$\DeclareMathOperator\GL{GL}\DeclareMathOperator\SO{SO}$Setup: Let $G$ be the group $\GL(4, \mathbb{R})$, $B$ denotes the Borel subgroup consisting of upper triangular matrices and $P_{(2,2)}$ be the standard parabolic whose Levi is $\GL(2)\times \GL(2)$. We write $D_i$ for the unitary $(\mathfrak{g}, K)$-module in the discrete series representations of $\GL(2, \mathbb{R})$ with lowest non-negative $K$-type being $$ \begin{bmatrix} \cos(\theta) & -\sin(\theta) \\ \sin(\theta) & \cos(\theta) \end{bmatrix} \mapsto e^{-\iota(i+1)\theta} $$
Let $\mathrm{Ind}^G_P()$ denotes the normalized parabolic induction from $P$ to $G$. Recall that $$ D_i \subset \mathrm{Ind}(|\cdot|^{i/2}, |\cdot|^{-i/2}), $$ where $|\cdot|$ denotes the modulus character of $\mathbb{R}^{\times}$. Thus we can get the following map of induced representations $$ \mathrm{Ind}^G_{P_{(2,2)}}(D_1 \otimes D_3) \xrightarrow{\phi} \mathrm{Ind}(|\cdot|^{1/2}, |\cdot|^{-1/2}, |\cdot|^{3/2}, |\cdot|^{-3/2}) $$ Consider the map induced by $\phi$ in the $(\mathfrak{g}, \SO(2)\mathbb{R}^{> 0})$-cohomology $$ \mathrm{H}^i(\mathfrak{g}, \SO(2)\mathbb{R}^{> 0}, \mathrm{Ind}^G_{P_{(2,2)}}(D_1 \otimes D_3) \xrightarrow{\phi^*} \mathrm{H}^i( \mathfrak{g}, \SO(2)\mathbb{R}^{\geq 0}, \mathrm{Ind}(|\cdot|^{1/2}, |\cdot|^{-1/2}, |\cdot|^{3/2}, |\cdot|^{-3/2}) $$ It is known that the left hand side has cohomology in degree 4 and 5 and moreover it is one dimensional. I have the following questions
Question : Is the map $\phi^*$ nonzero in degree $i=4$?

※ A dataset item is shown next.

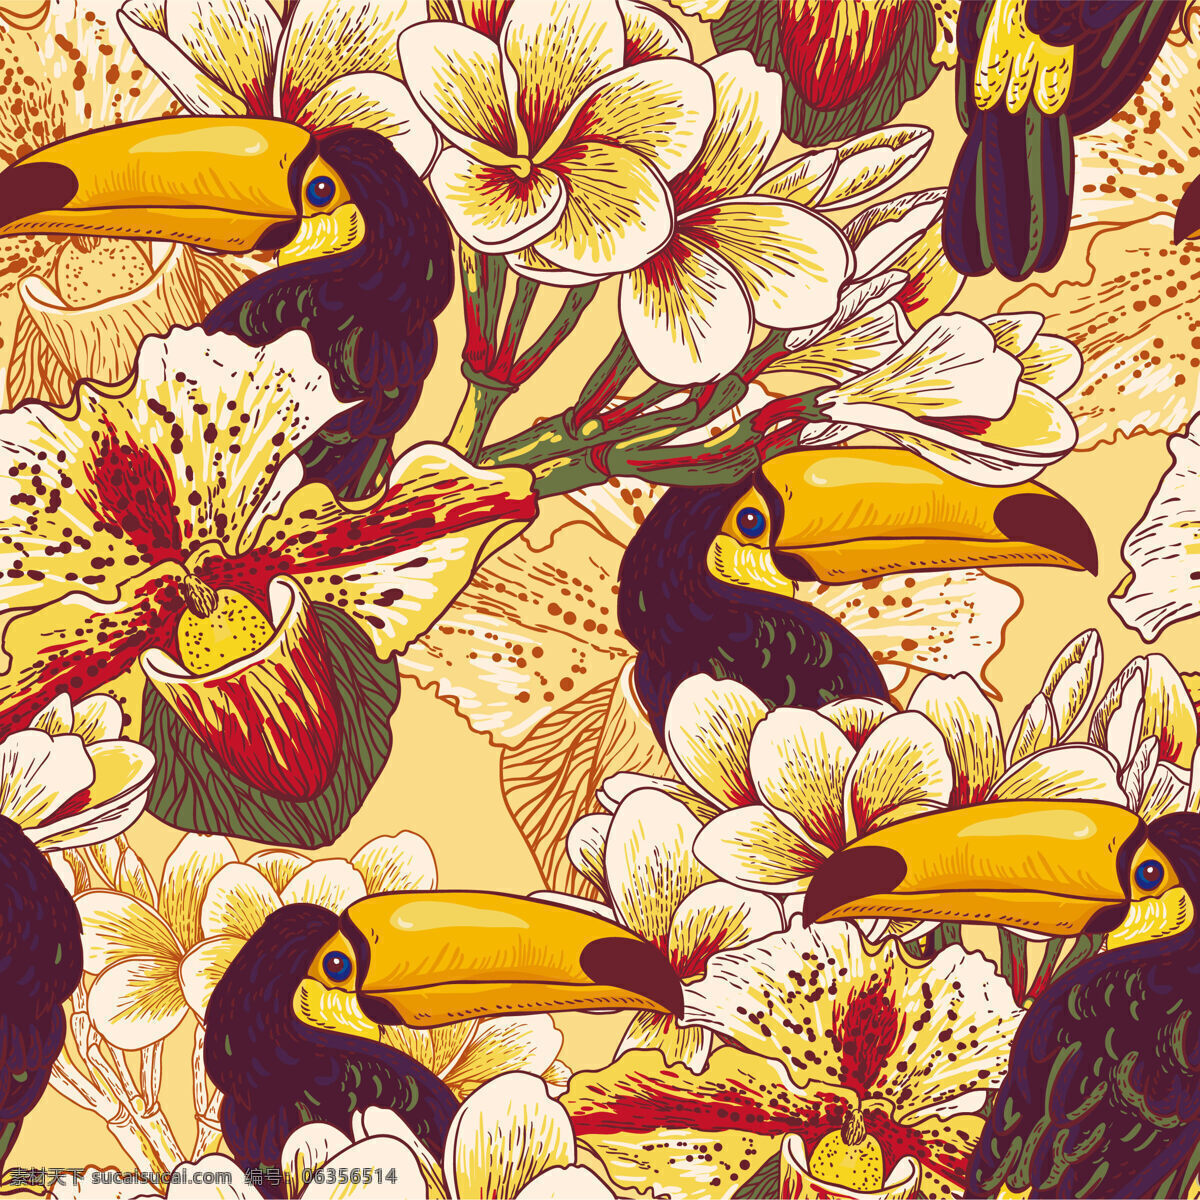 橙色 艳丽 啄木鸟 壁纸 图案 装饰设计 壁纸图案 浅黄色底色 浅色花朵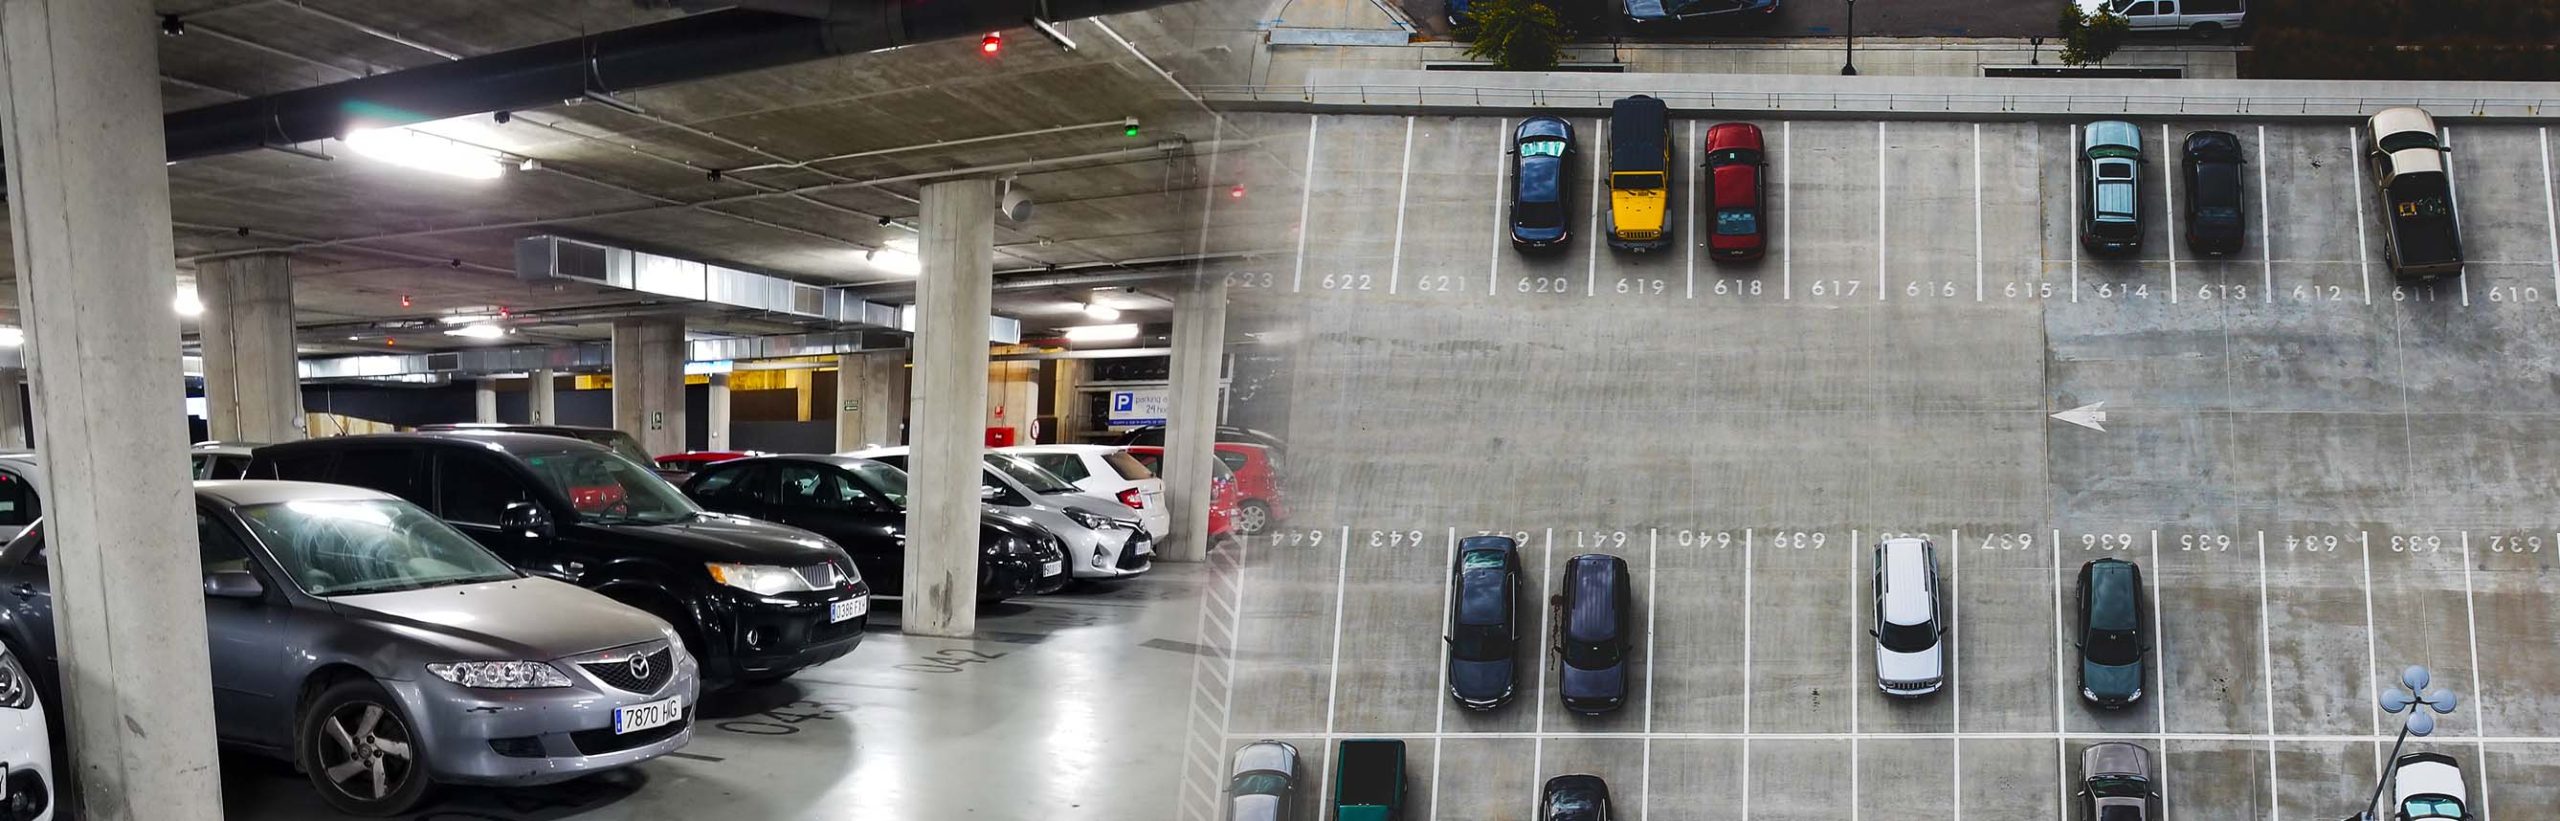 AI Parking Assist

We can also ask more generally an analogue of this question for $G = \GL(2n, \mathbb{R})$ and the parabolic being $P_{(2, \dots, 2)}$. The representations in question being modified in the most natural way $\mathrm{Ind}(D_1 \otimes D_3 \otimes \dots D_{n+1}) \subset \mathrm{Ind}^G_B(|\cdot|^{1/2}, |\cdot|^{-1/2}, |\cdot|^{3/2}, |\cdot|^{-3/2}, \dots, |\cdot|^{n/2}, |\cdot|^{-n/2})$.
Question : Is the map $\phi^*$ induced in Lie algebra cohomology nonzero in degree $n^2$?
Any suggestions, comments or references are welcome. Thank you.